Solution to Linear Algebra Hoffman & Kunze Chapter 9.2 Exercise 9.2.8
Solution: We can always define an inner product on a finite-dimensional vector space $V$. Hence we shall assume that $V$ is a finite-dimensional inner product space.
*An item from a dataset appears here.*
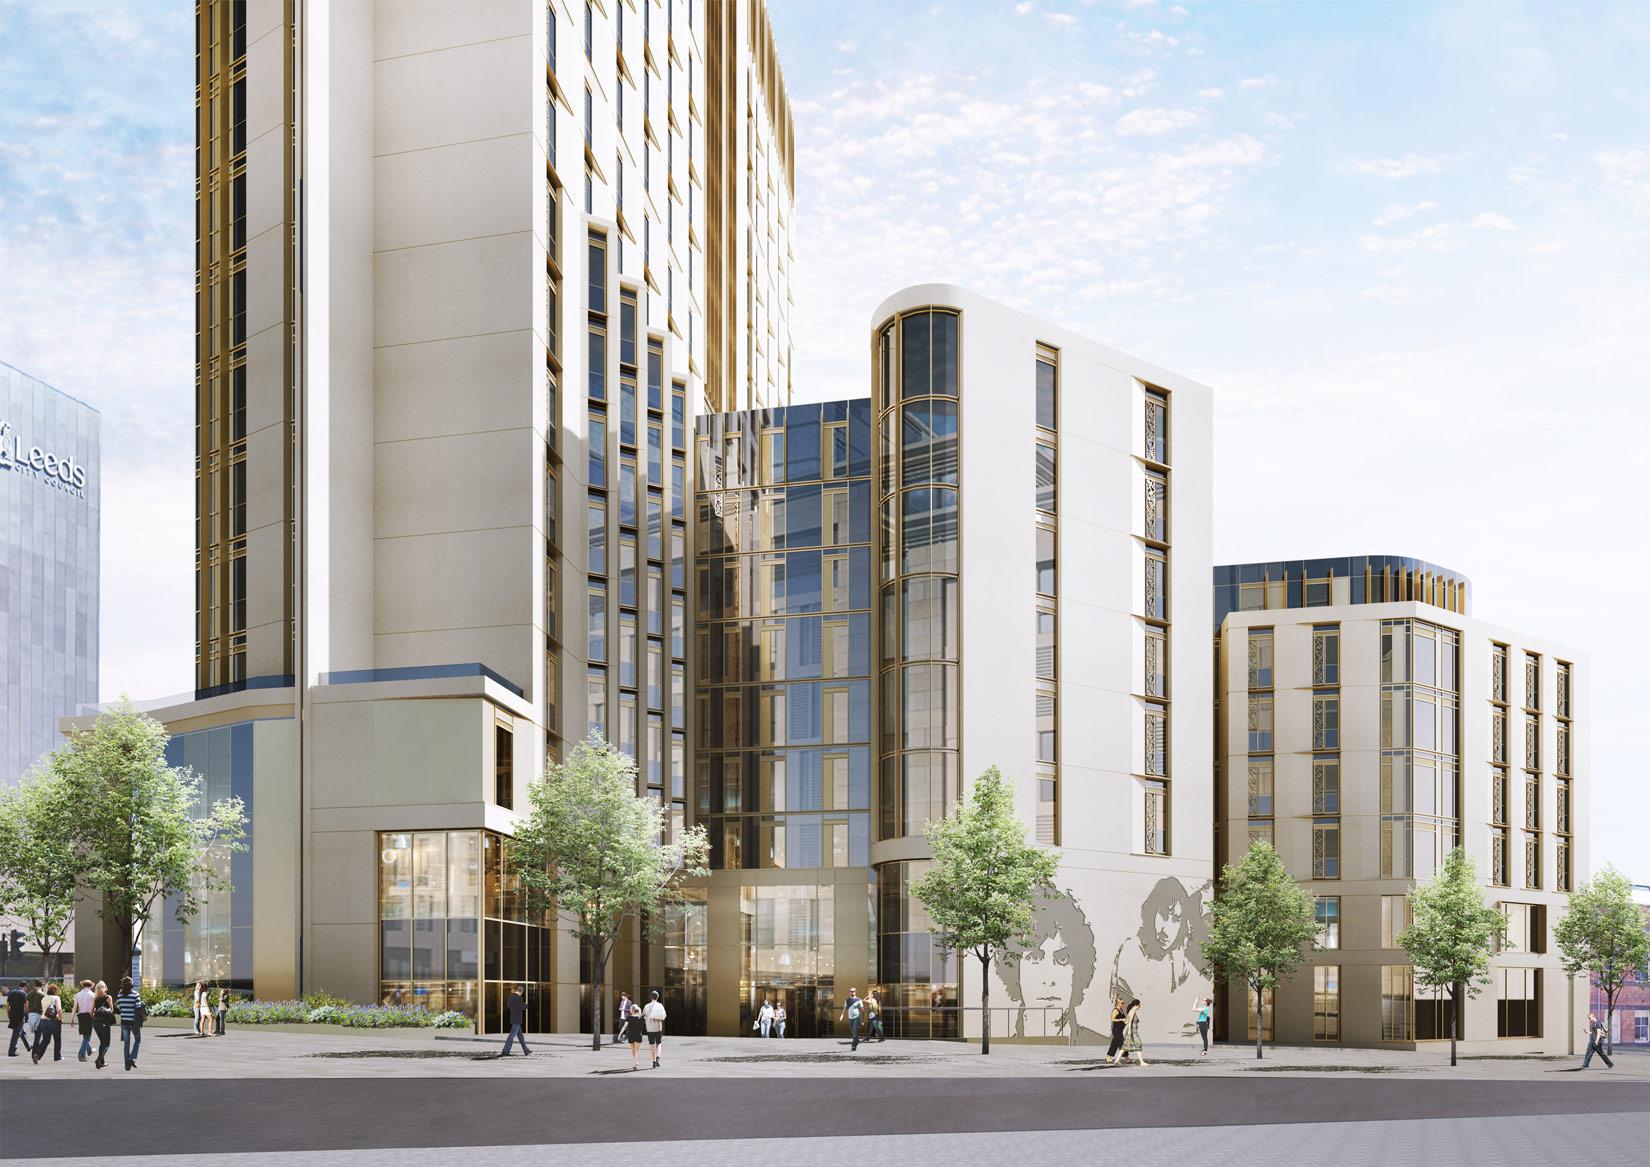 Technology Campus, Cookridge Street, Leeds, 3D Visual of the approach

By Theorem 6 of page 291, there exists a vector $\beta_0$ such that $L(\alpha)=(\alpha|\beta_0)$. On the other hand, we also have $$f(\alpha,\beta)=(T_f\alpha|\beta)=(\alpha|T_f^*\beta).$$Since $f$ is non-degenerate, $T_f$ is non-singular, see Exercise 9.2.6 and Exercise 9.2.7. Because $V$ is finite-dimensional, we conclude that $T_f$ is invertible. So is $T_f^*$. Therefore, there exists a unique $\beta\in V$ such that $T_f^*\beta=\beta_0$. We have\[L(\alpha)=(\alpha|\beta_0)=(\alpha|T_f^*\beta)=f(\alpha,\beta).\]We showed the existence.
Suppose $\beta_1$ and $\beta_2$ are vectors such that $$L(\alpha)=f(\alpha,\beta_1)=f(\alpha,\beta_2).$$Then $f(\alpha,\beta_1-\beta_2)=0$ for all $\alpha$. Since $f$ is non-degenerate, we have $\beta_1-\beta_2=0$, which shows the uniqueness.